### ABOUT THIS TASK:
Every line of the data below is to be given again as it appears, with the images removed.

### SOURCE DATA:
*** Block opens ***

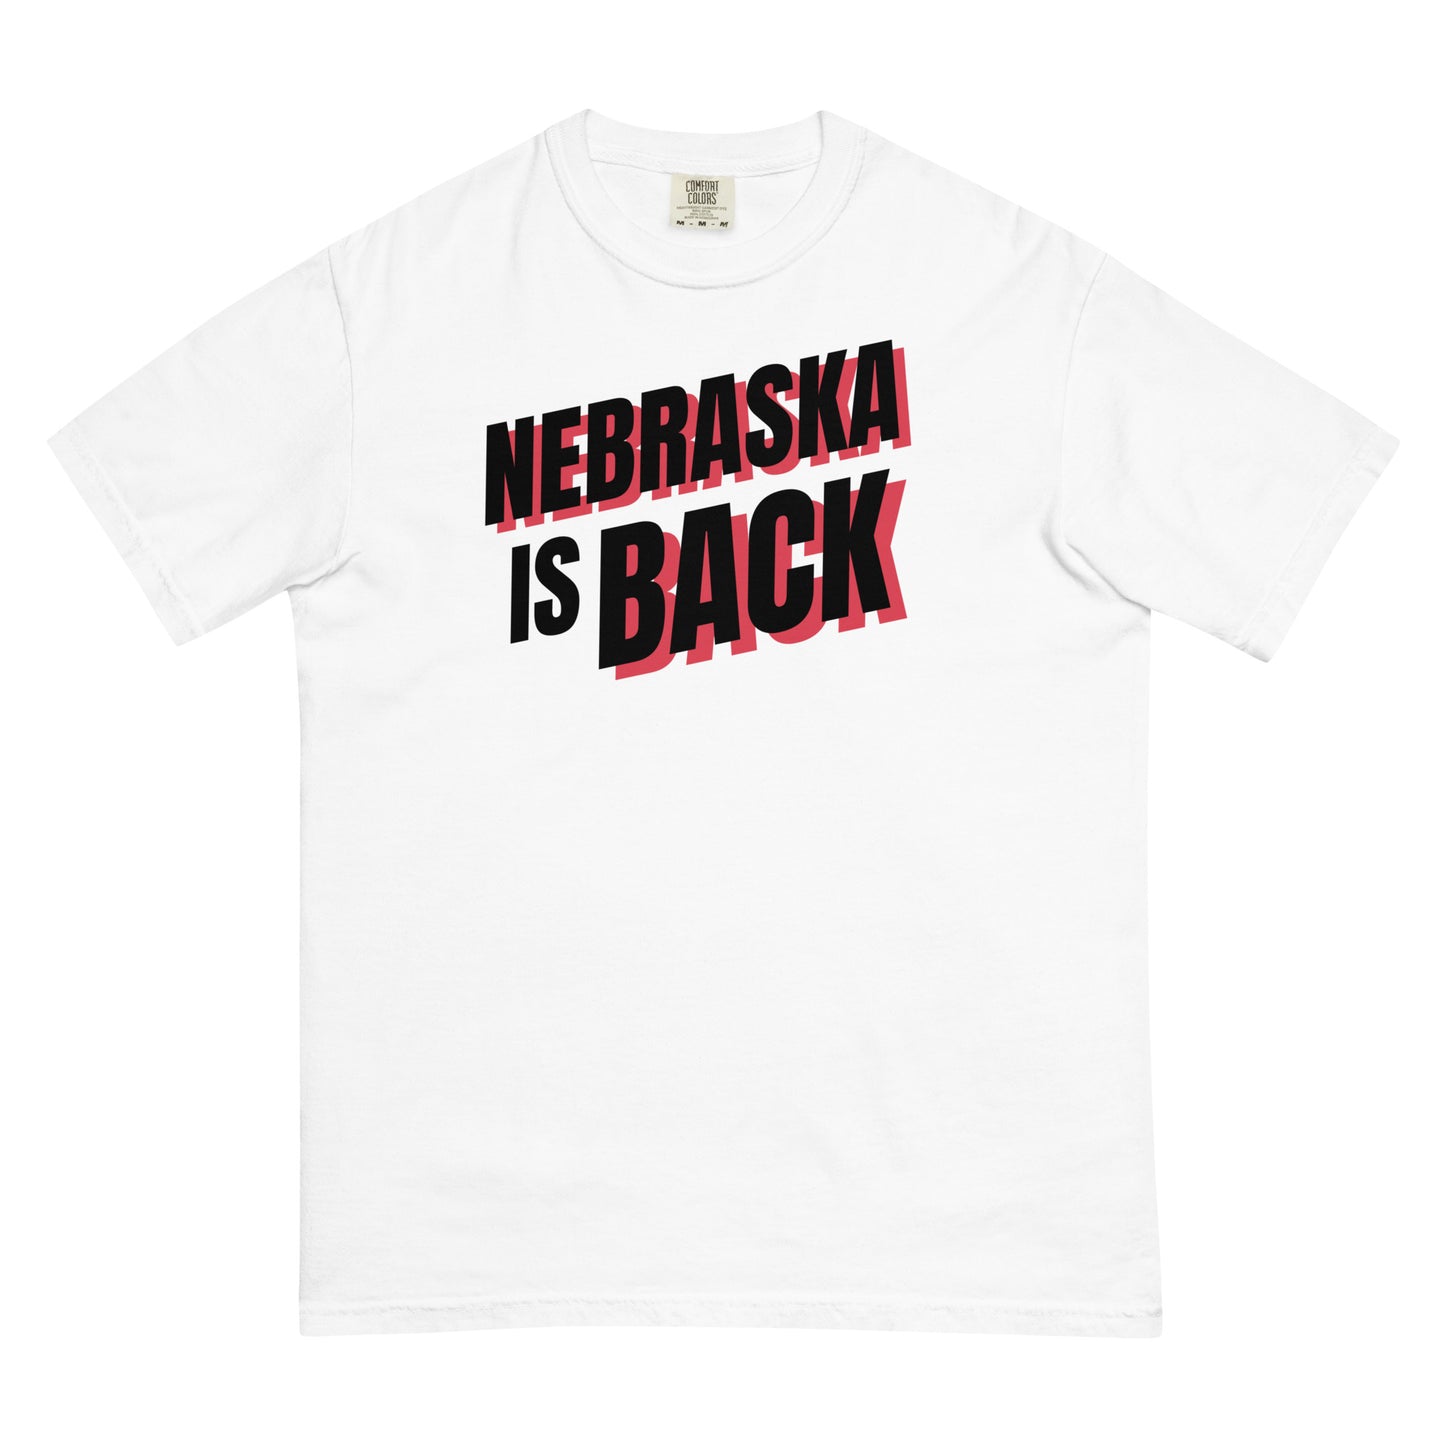 Nebraska is Back T-shirt
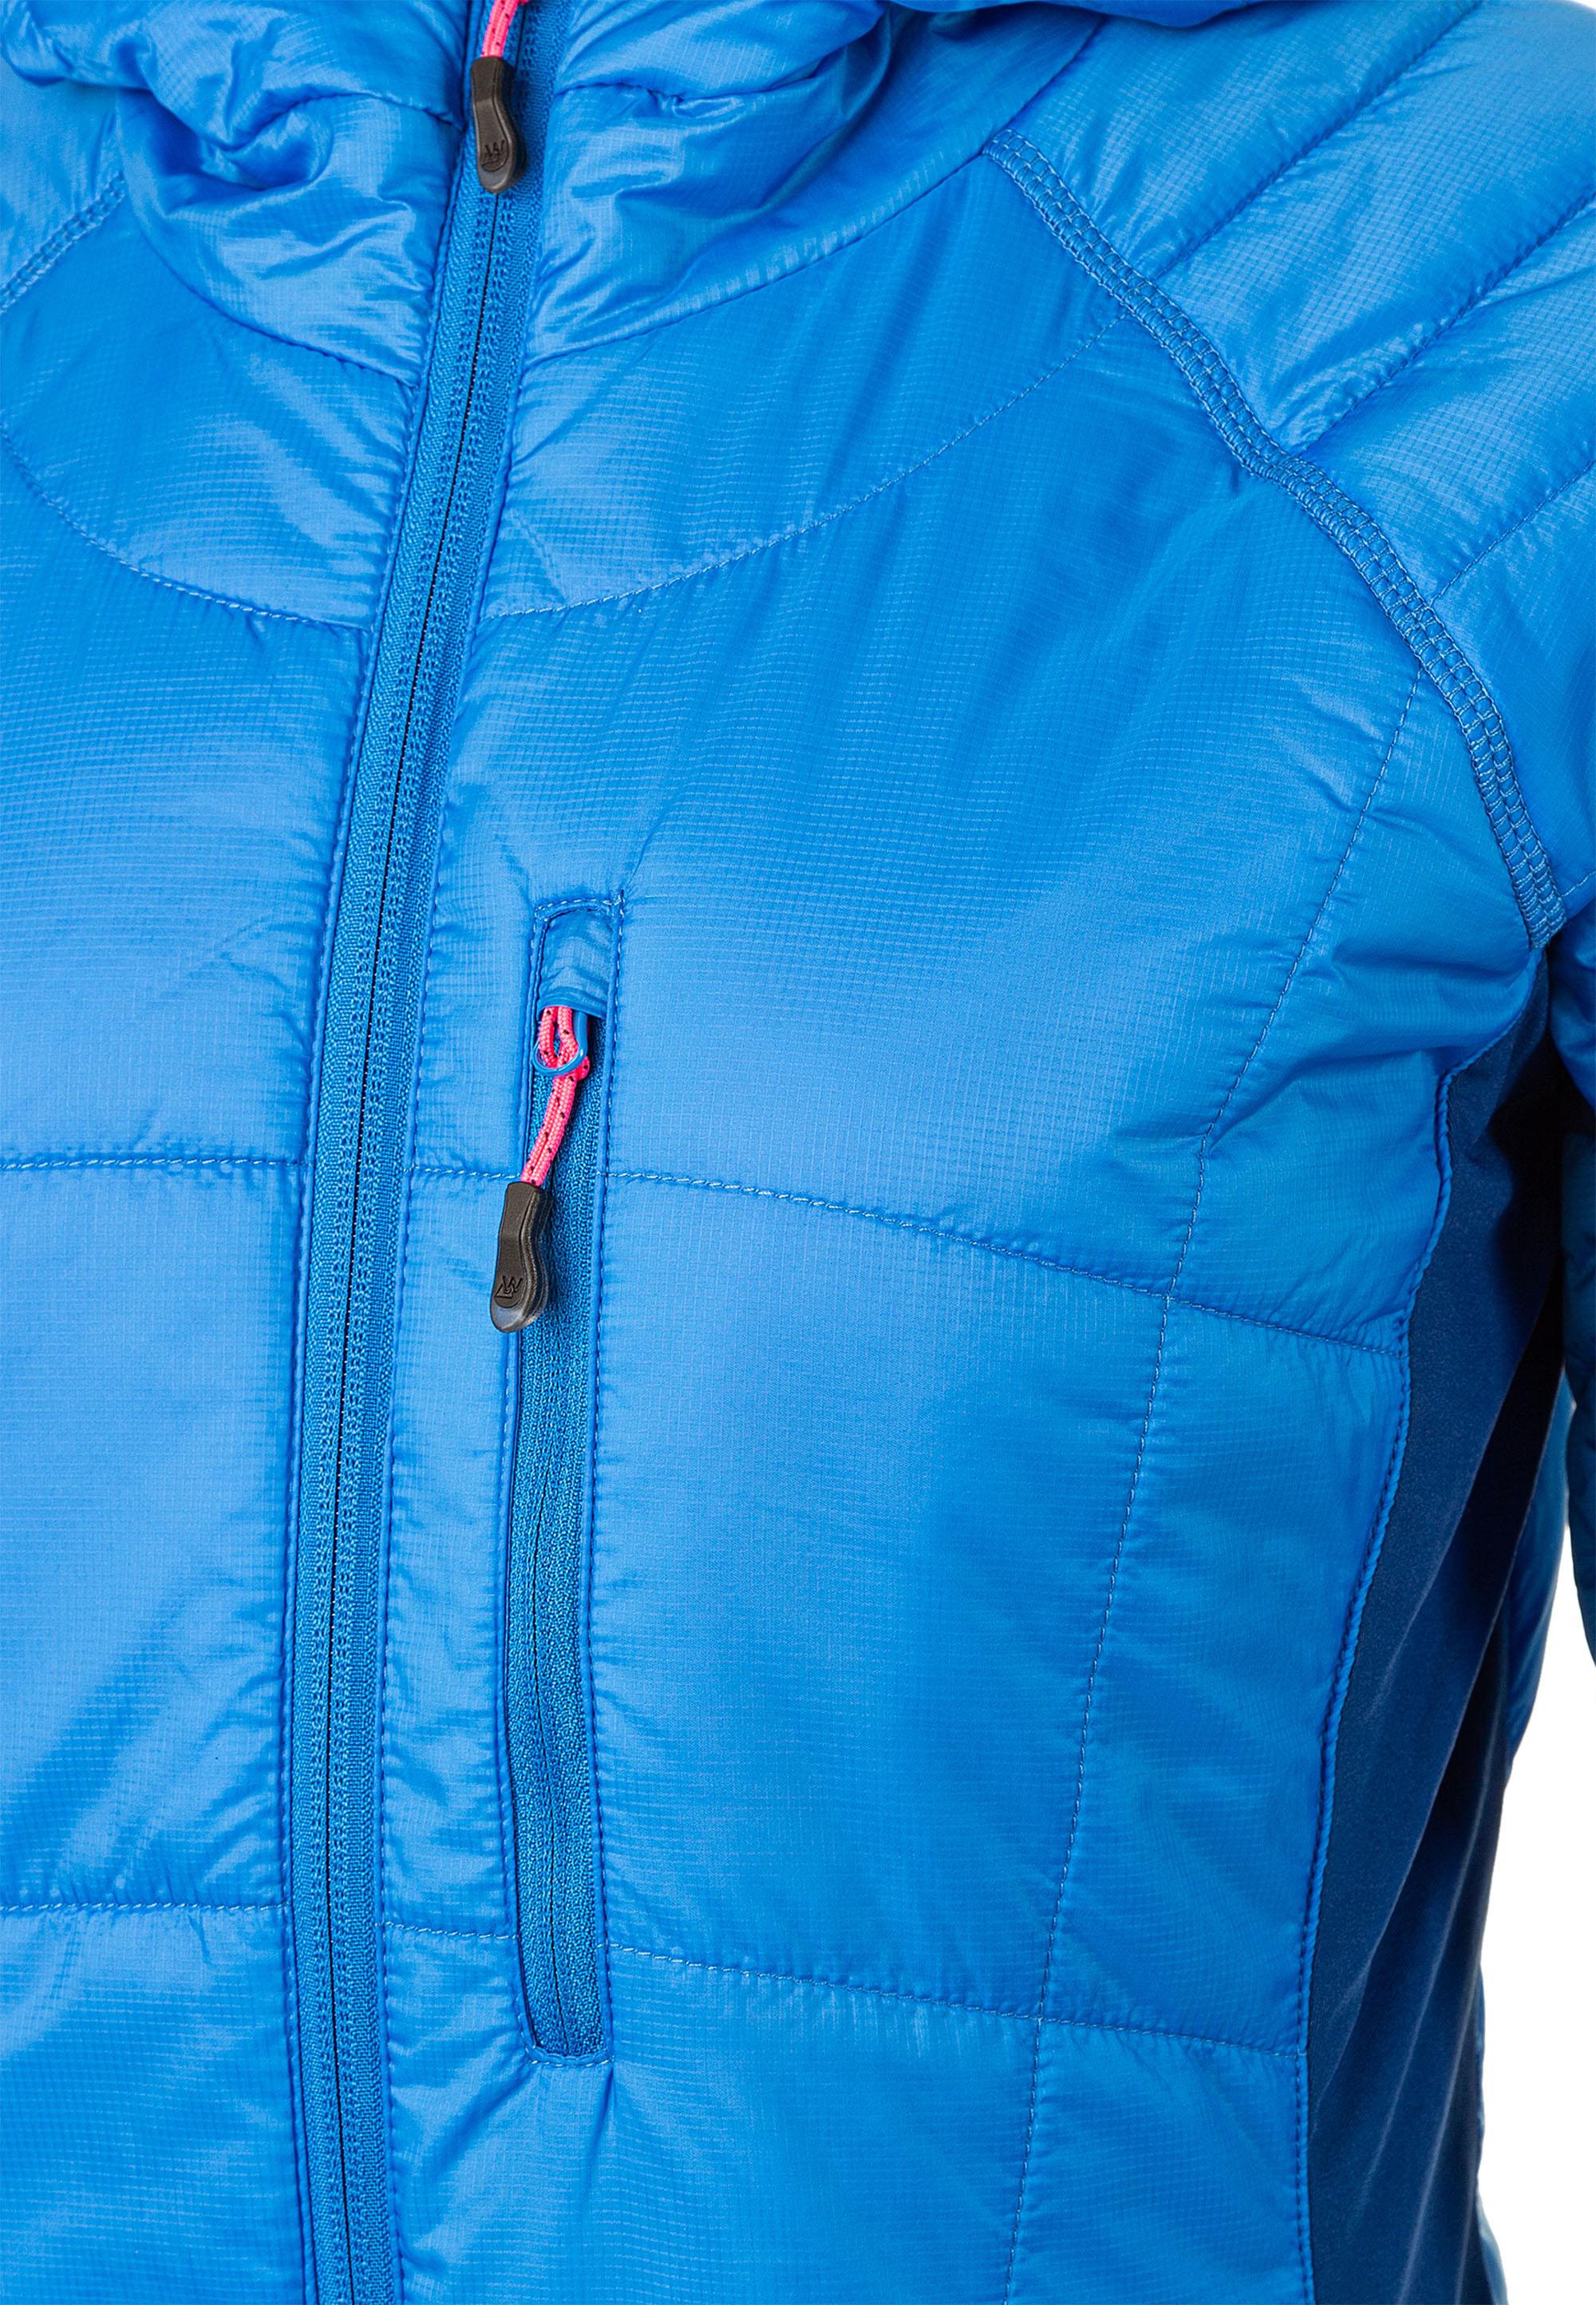 W im von Shop SportScheck Outdoorjacke 2008 kaufen MARGO Damen Jacket French Online Blue Whistler
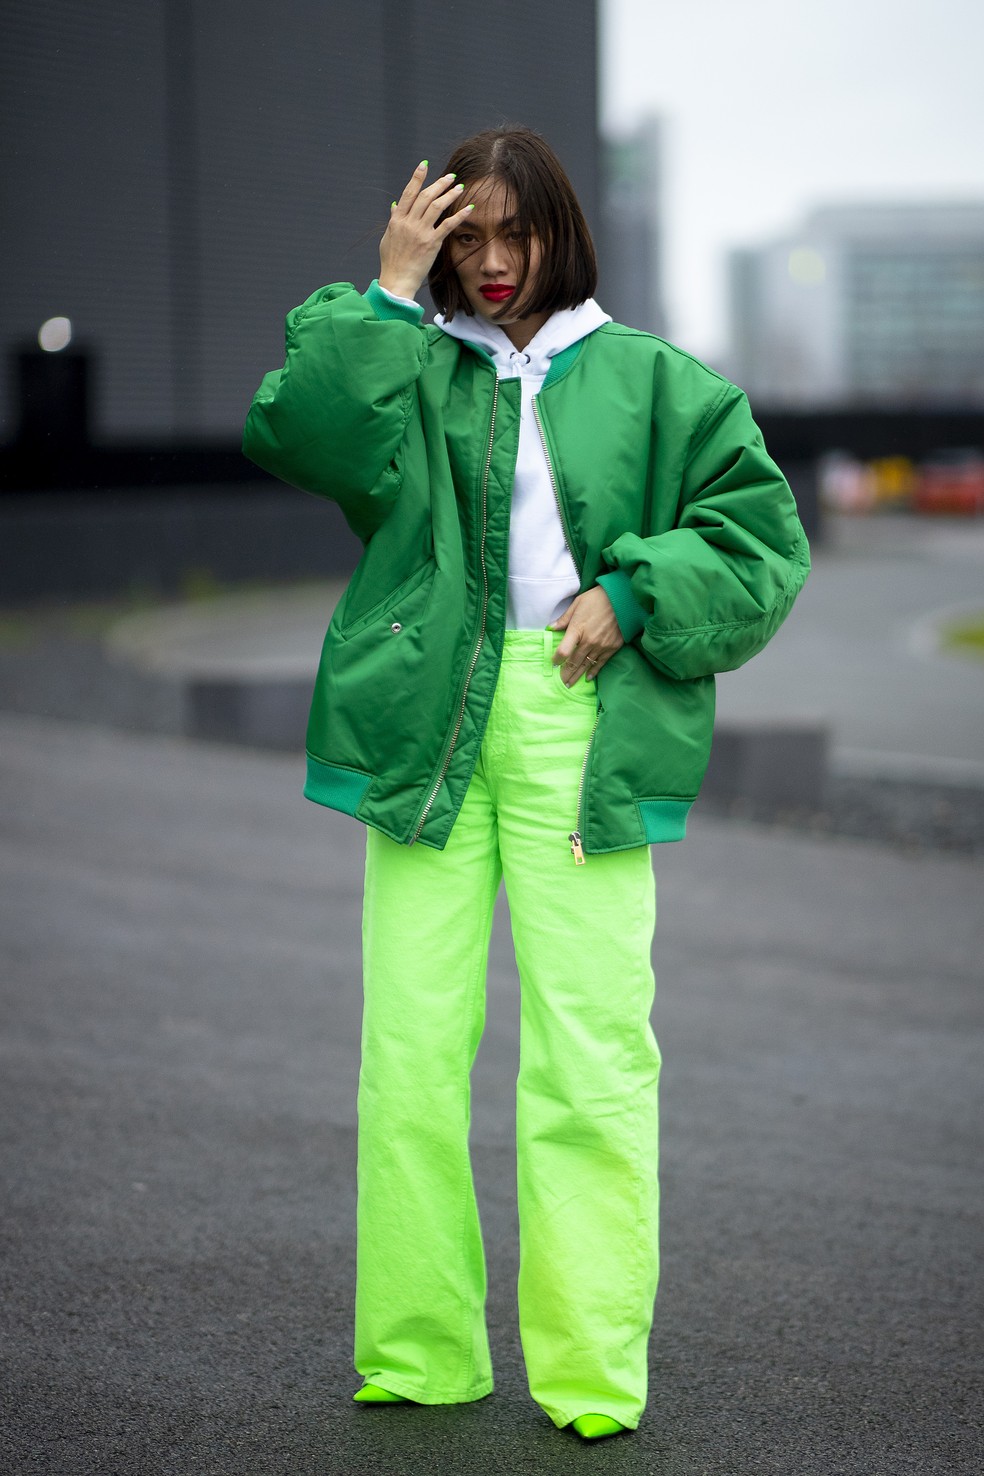 Calça verde limão + jaqueta verde bandeira: a combinação funciona e fica supercool — Foto: IMAXTree

*** Block closes ***

### OUTPUT FOR THIS EXERCISE:
 Nebraska is Back T-shirt
 W im von Shop SportScheck Outdoorjacke 2008 kaufen MARGO Damen Jacket French Online Blue Whistler
 Calça verde limão + jaqueta verde bandeira: a combinação funciona e fica supercool — Foto: IMAXTree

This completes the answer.